Please repeat each line from the one holding "Coupe du monde" through the final line of the data, exactly as it stands, with no pictures.
----- Data segment
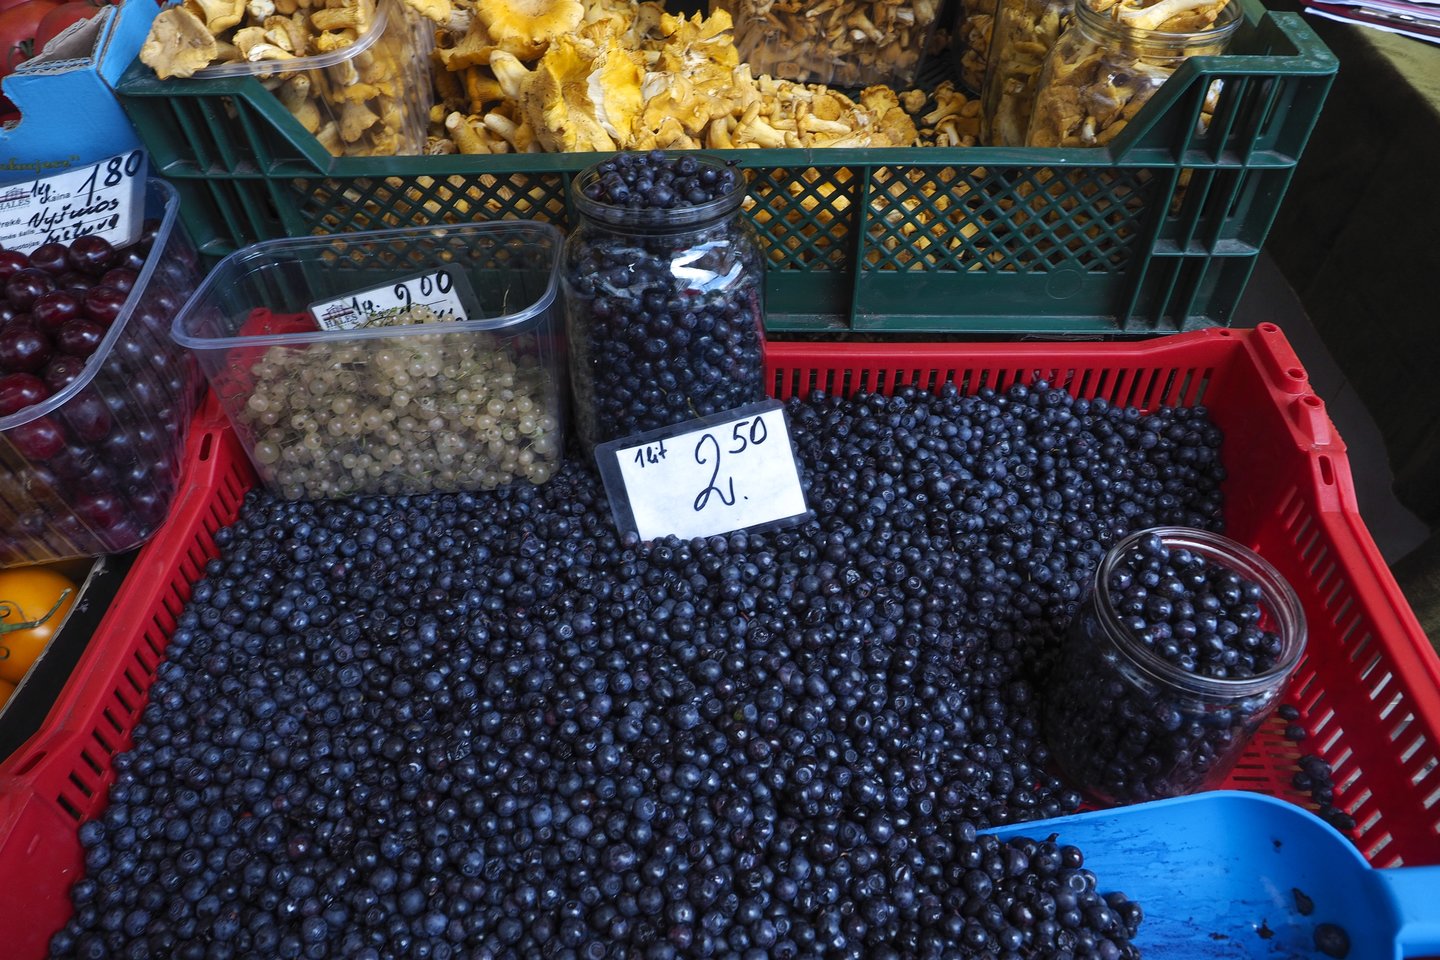  Žmones stebinusios pirmųjų šiais metais grybų kainos atslūgo ir dabar mėlynių ar voveruškų litras vidutiniškai parduodamas už 3 eurus.<br>V.Ščiavinsko nuotr.
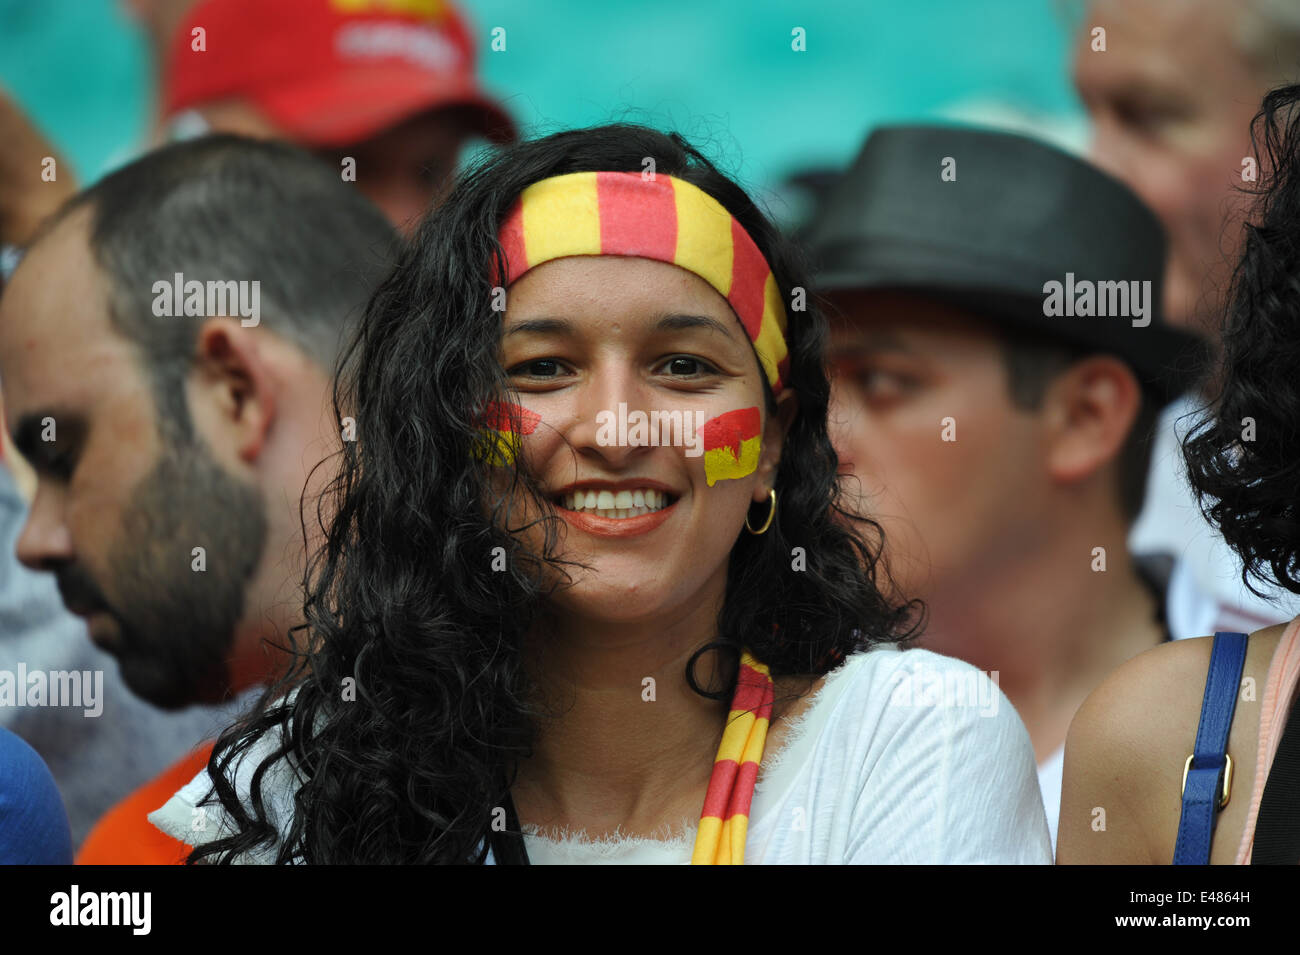 Coupe du monde de Fiifa 2014, supporters espagnols, Brésil Banque D'Images
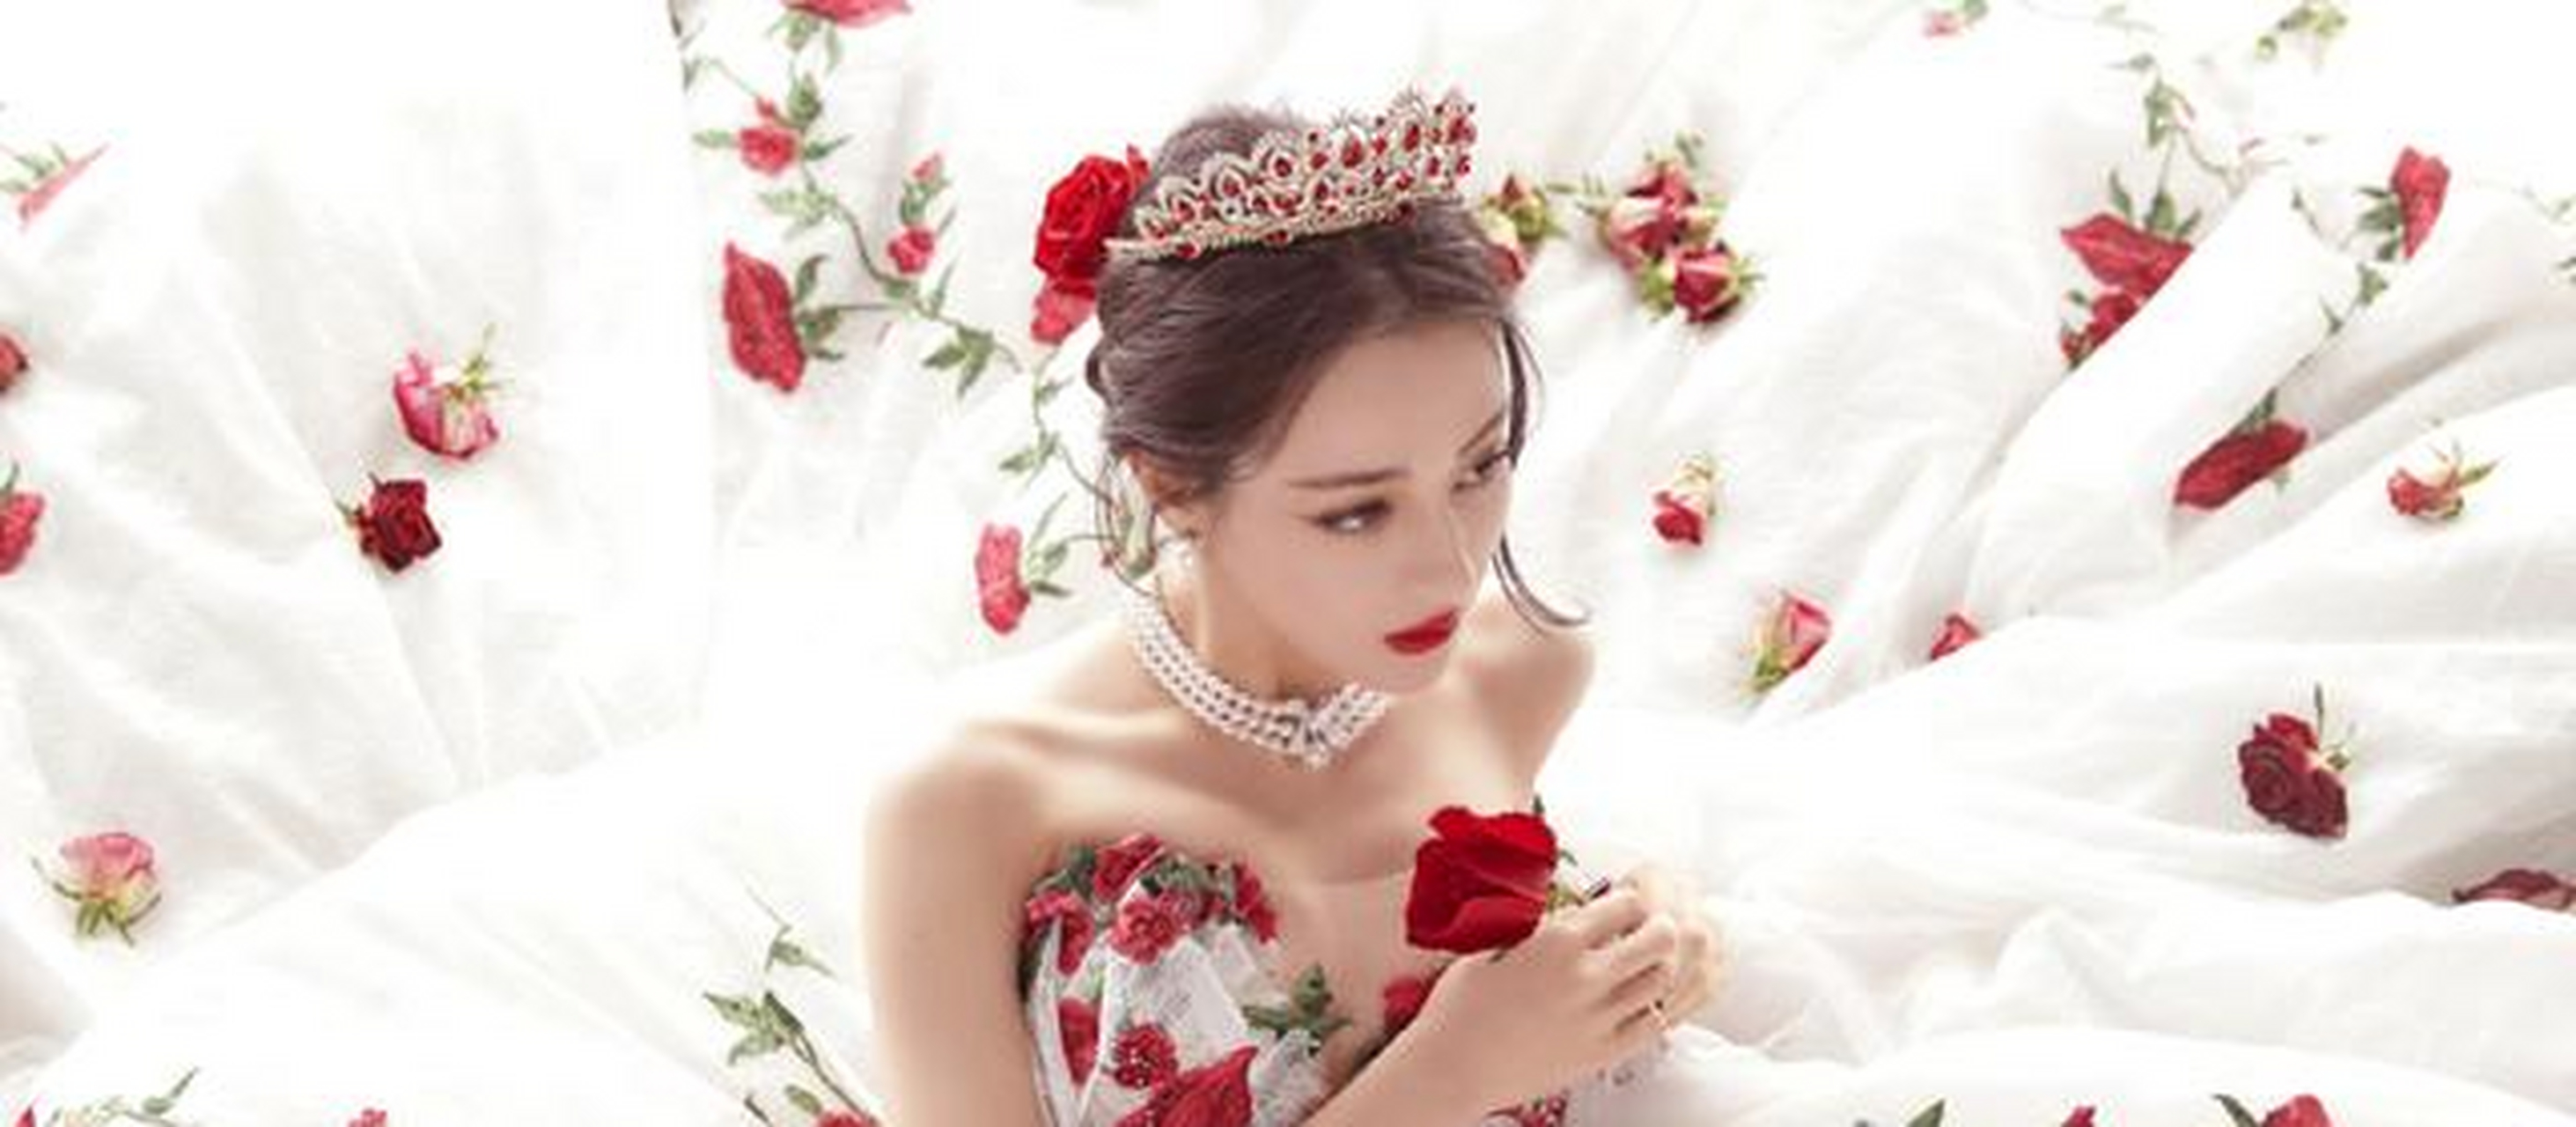 迪丽热巴超美白纱裙红玫瑰梦幻写真,网友惊呼:这也太美了[摸头]
----------
Completed exercise:
 Coupe du monde de Fiifa 2014, supporters espagnols, Brésil Banque D'Images
 迪丽热巴超美白纱裙红玫瑰梦幻写真,网友惊呼:这也太美了[摸头]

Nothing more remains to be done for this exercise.